++++ DATA TO PROCESS
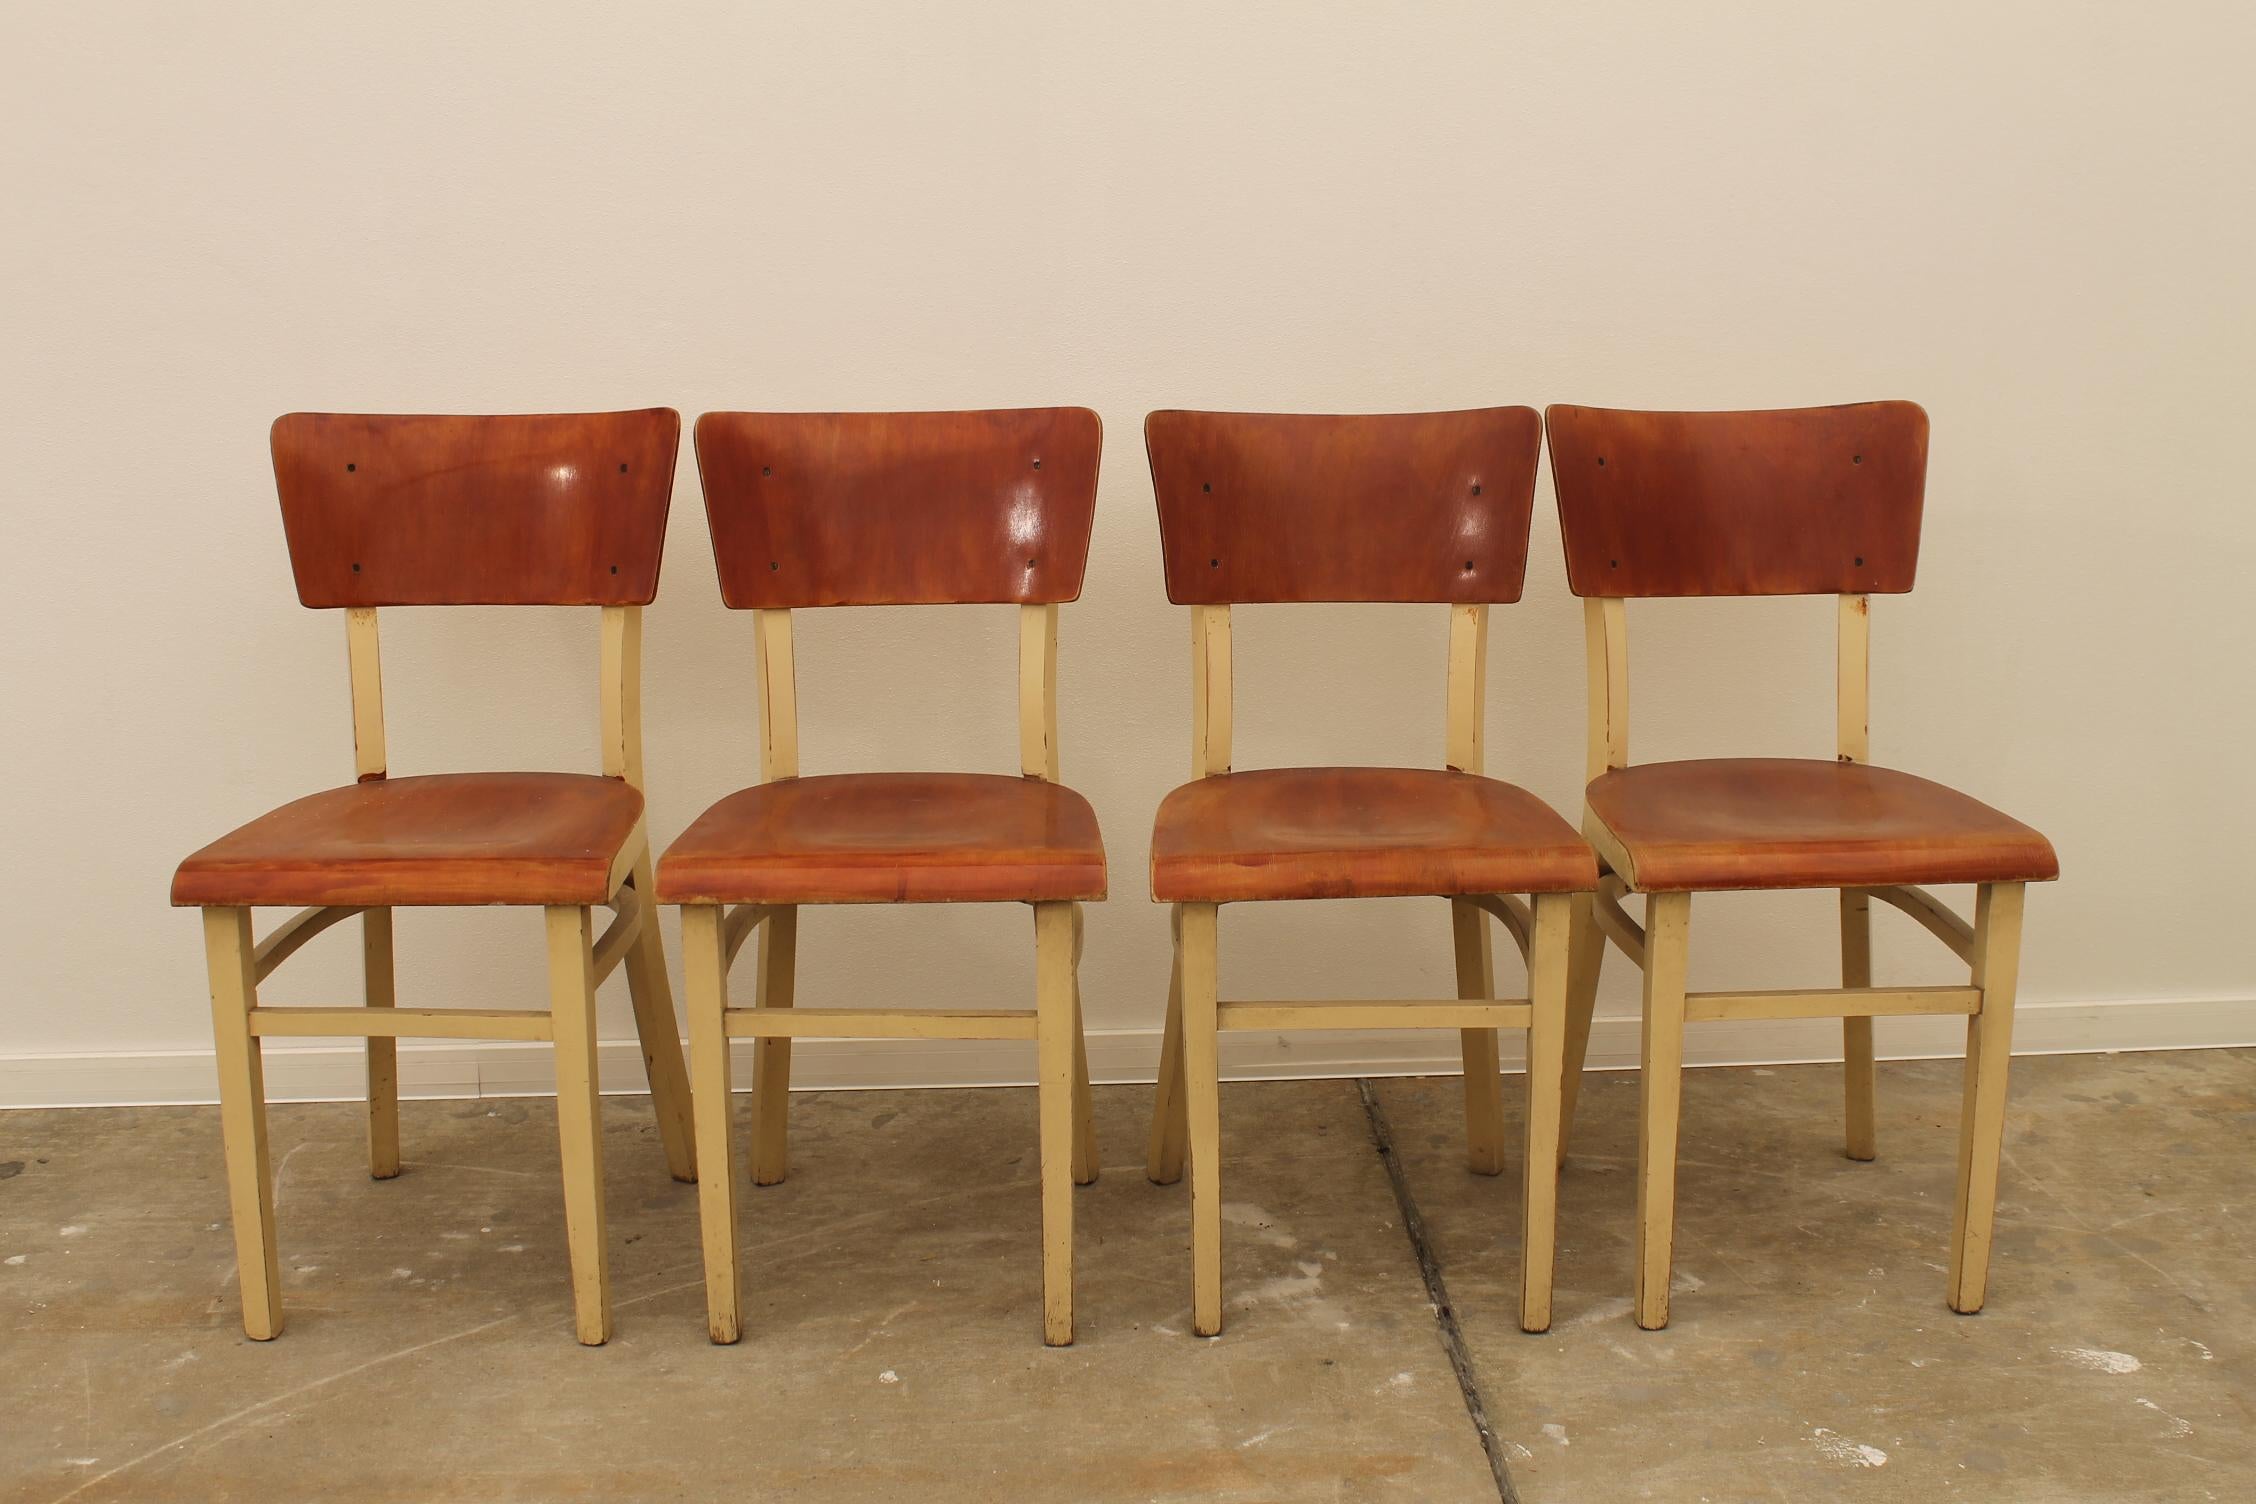 Set of four dining chairs, probably made by TON, made in the the former Czechoslovakia in the 1950´s. It´s made of wood and plywood. In good Vintage condition. Price is for the set of four.

Measures: Height: 82 cm

Seat height: 45 cm.
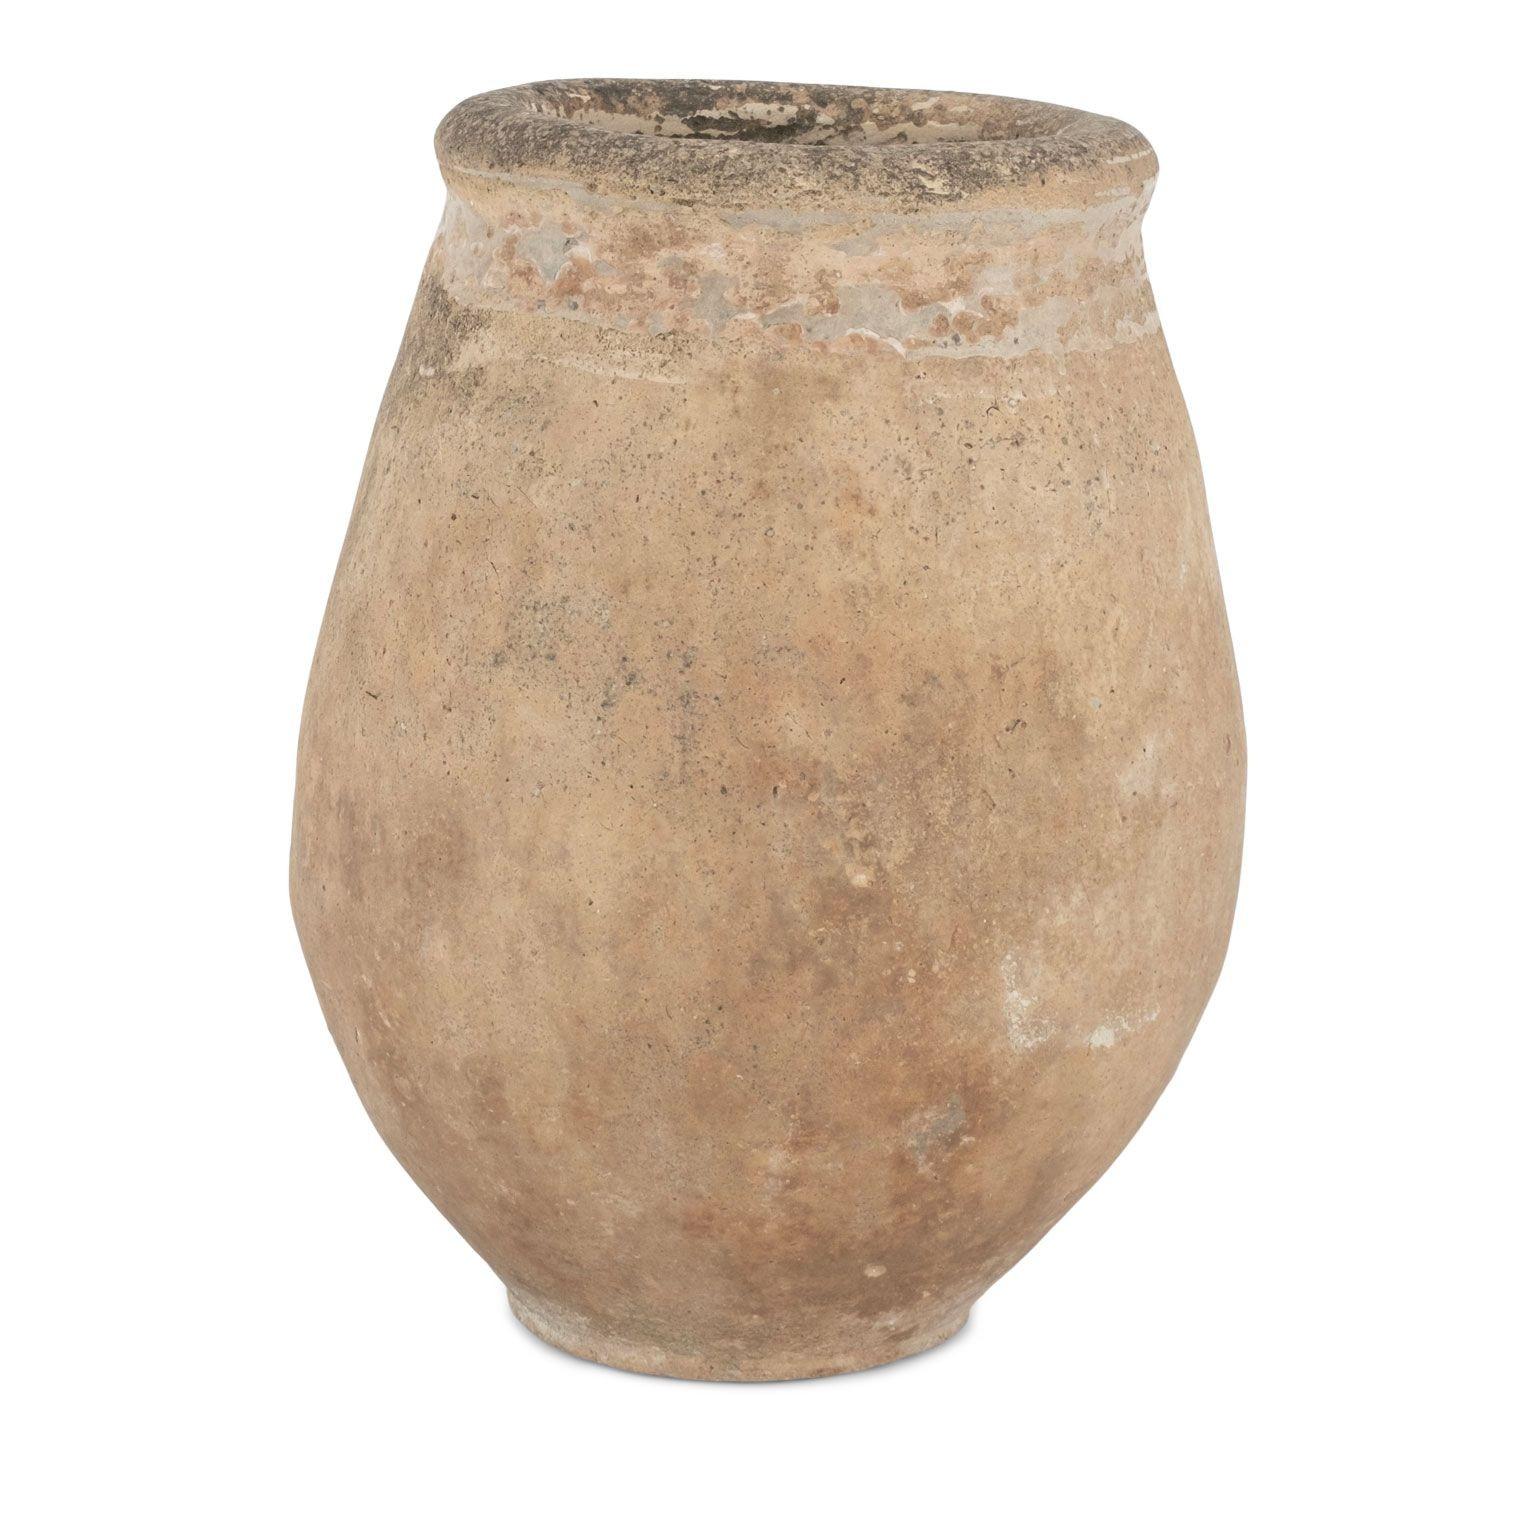 Early French Biot jar with remnants of yellow glaze along its rim. Dates to the late 18th or early 19th century. Nice patina and pitted surface from centuries of natural wear and use.
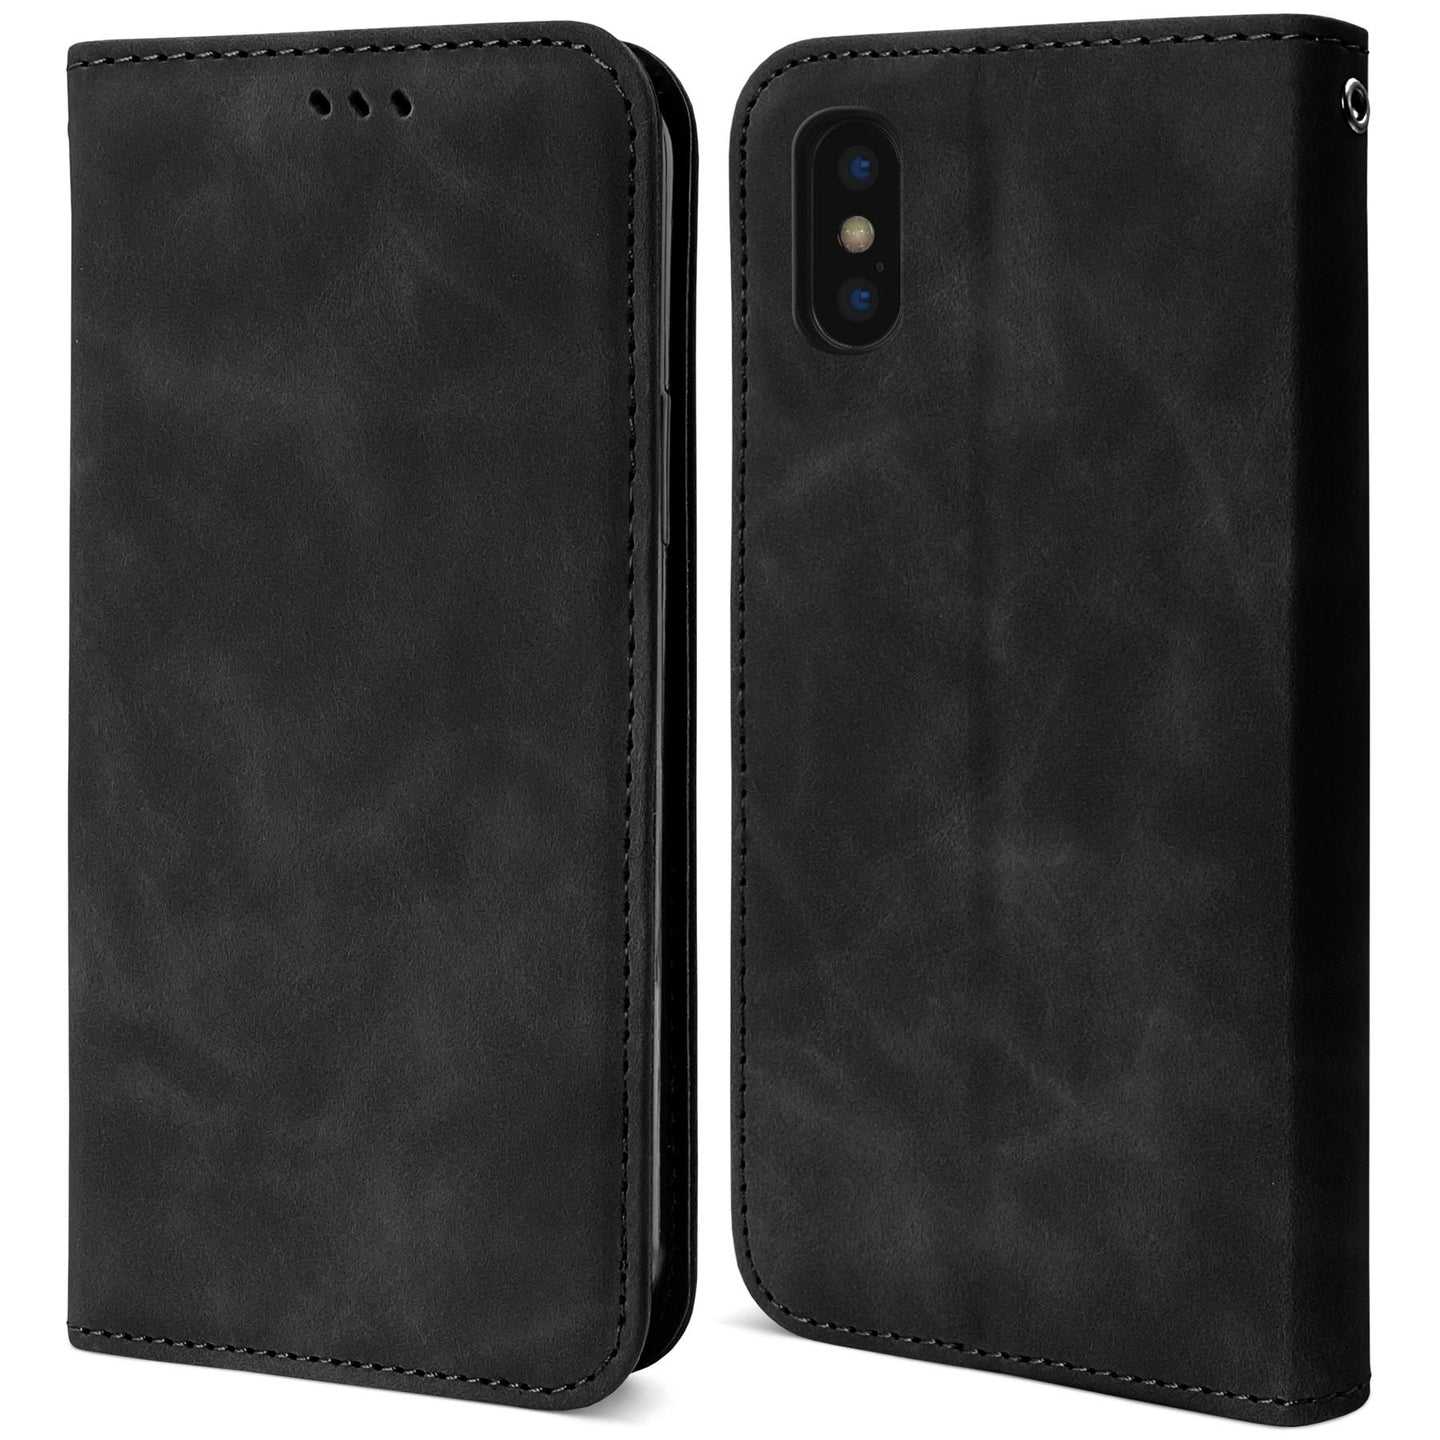 Moozy Marble Black Flip Case for iPhone X, iPhone XS - Flip Cover Magnetic Flip Folio Retro Wallet Case with Card Holder and Stand, Credit Card Slots, Kickstand Function
++++++++
EXERCISE REQUIREMENTS
Copy exactly the lines from the line that has "Early French Biot" through the last line of the entries above, inclusive, and no others. Pictures do not go in the copy.

RESPONSE TO THE TASK
 Early French Biot jar with remnants of yellow glaze along its rim. Dates to the late 18th or early 19th century. Nice patina and pitted surface from centuries of natural wear and use.
 Moozy Marble Black Flip Case for iPhone X, iPhone XS - Flip Cover Magnetic Flip Folio Retro Wallet Case with Card Holder and Stand, Credit Card Slots, Kickstand Function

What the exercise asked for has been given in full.